Similarly, the rich flow of esters characterizing baijiu are considered desirable. Western palates expecting something analogous to vodka will surely find the solvent kerosene aspect off-putting. Like a peaty whiskey, these flavors are densely layered and require patience. It’s an acquired taste, but to the initiated, deeply rewarding.

Having accepted that baijiu isn’t a failed attempt at vodka, we should also keep in mind that a little money goes a long way and proper pairing makes a world of difference. Blue-collar types prefer ergoutou, a terrifically strong and amazingly cheap kind of baijiu, but you don’t have to spend much to get your hands on a bottle that’s truly special. Top shelf varieties include the Sichuanese Luzhou Laojiao, redolent of peach, the Taiwanese Kaoliang, featured in the classic film Red Sorghum, and of course, Moutai. Entry-level bottles of these brands cost $100 or less. Whatever you prefer, baijiu packs a punch and is best paired with food that can withstand it — Sichuan hot pot or the punishingly spicy Tibetan la phing.

Interestingly, baijiu is grouped by smell, from the heady soy sauce notes of a jiangxiang or “sauce fragrance” to the tender smell of pears characteristic of a nongxiang or “concentrated fragrance,” like the famous Wuliangye of Sichuan. There are also flavored kinds such as the rose-infused meiguilujiu or roulaoshao, flavored with pork fat.

In addition to social lubricant and cultural artifact, baijiu has also been an instrument in diplomacy. Mao served Moutai (also know as Maotai) to Nixon in 1972 as a gesture of friendship and two years later Deng served it to Kissinger, who remarked, “if we drink enough Maotai, we can solve anything.”

Recently, China’s national spirit became “an ideal target” in Xi’s campaign against government excess, and the industry has suffered greatly since.
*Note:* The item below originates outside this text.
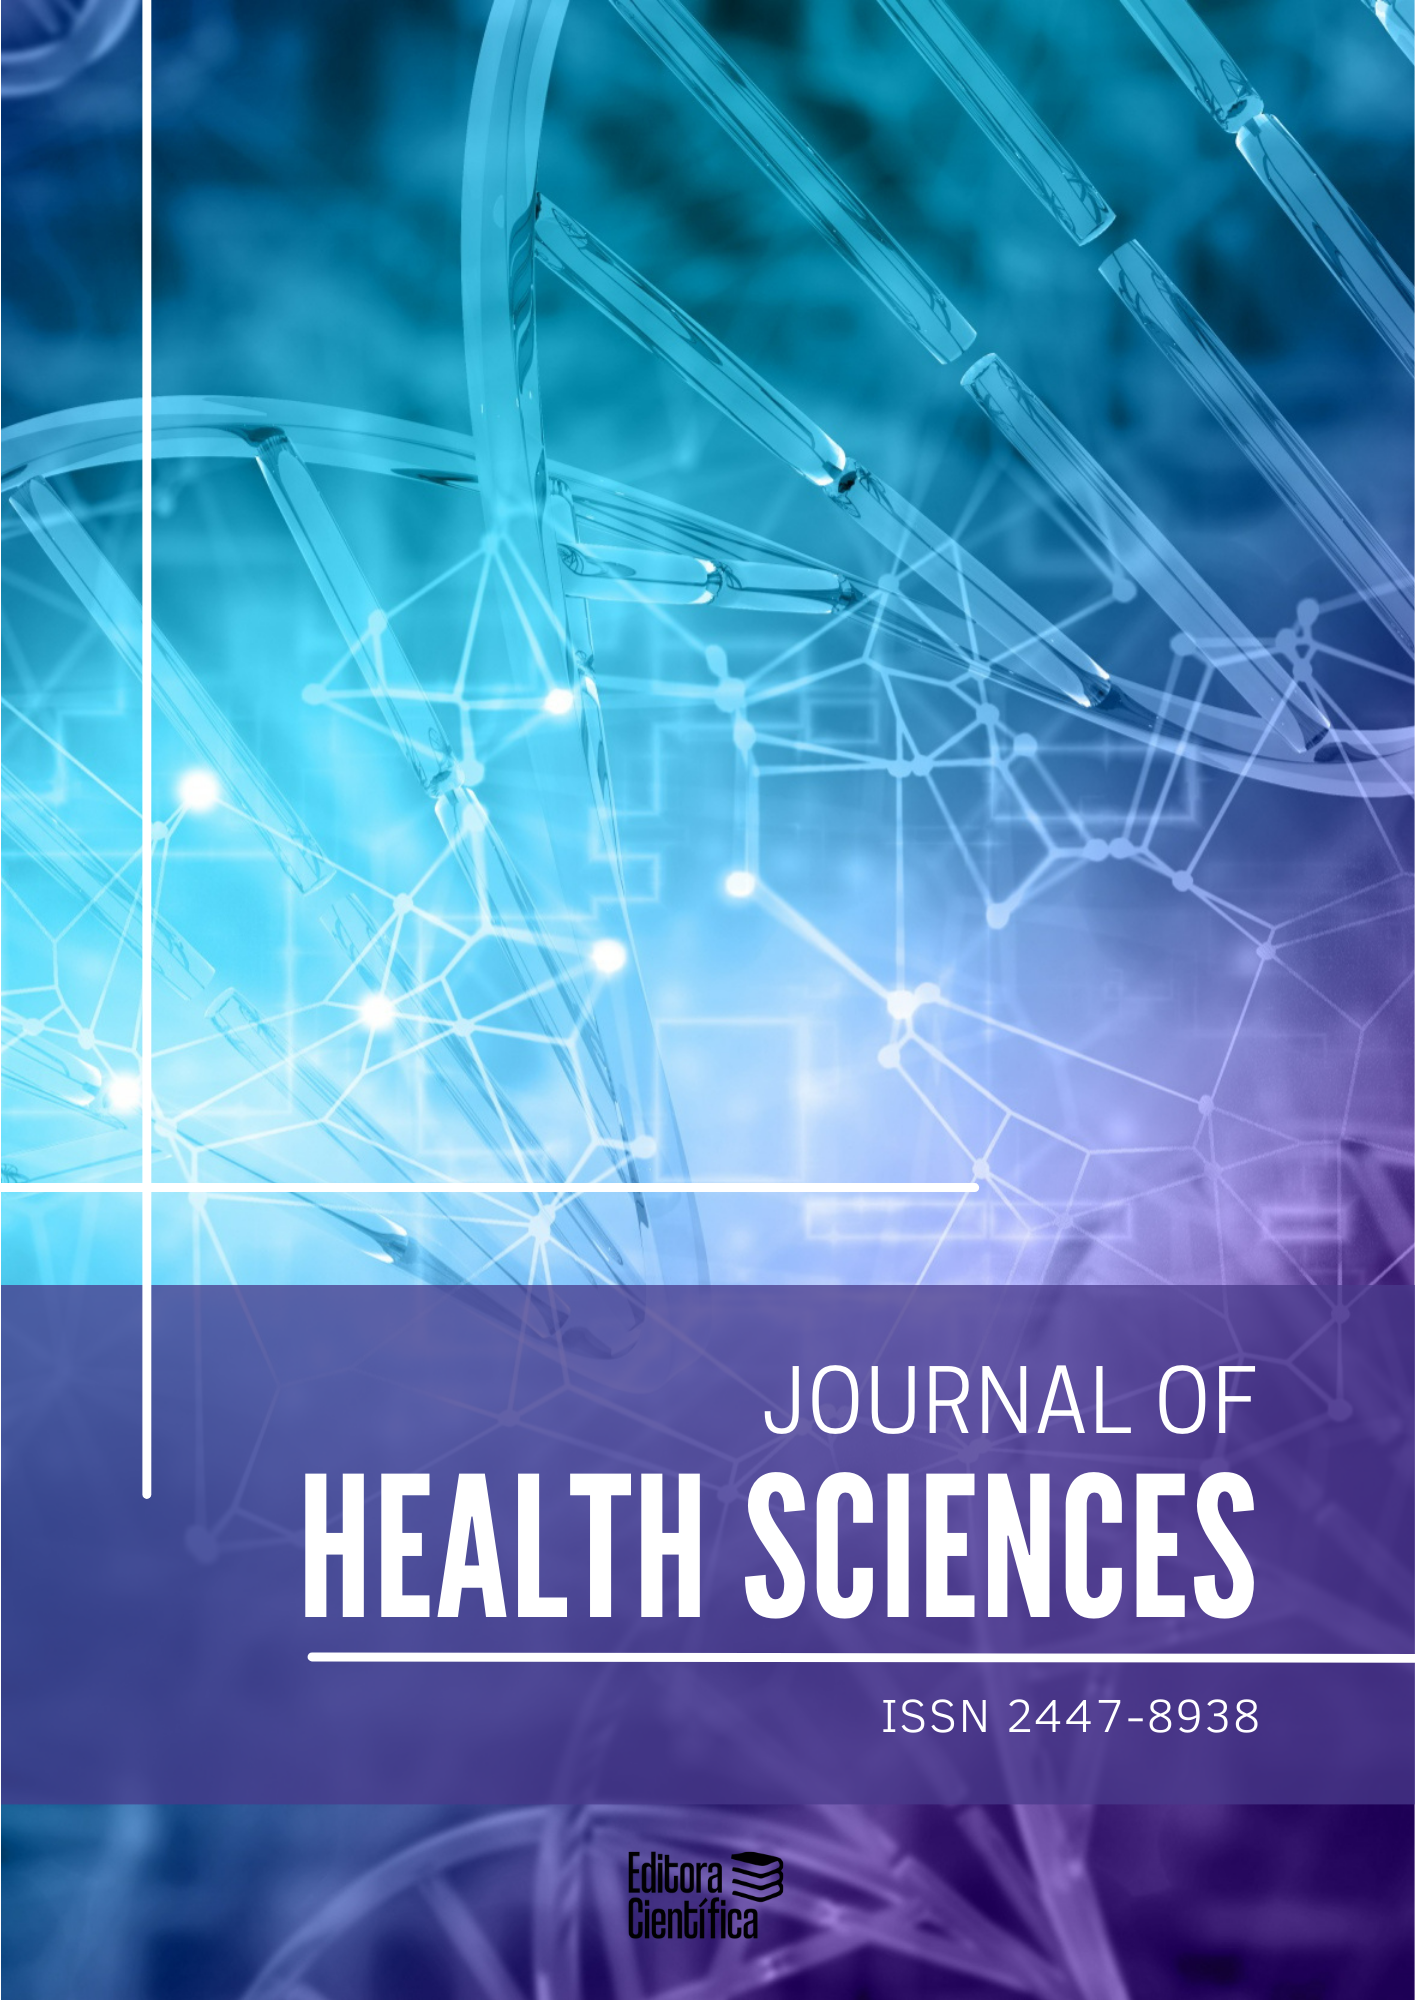 Journal of Health Sciences

Some experts think it has “nowhere to go but down.” Yet even as a shadow of its former self, its place in China remains as beautifully complex as its flavor.

My friend Yuan Ming attended high school beside the old grey-bricked Wuliangye distillery in Chengdu. Now a museum, it no longer produces alcohol but after every rain, she says, it floods the narrow street with the smell of fermented pears, recalling her youth.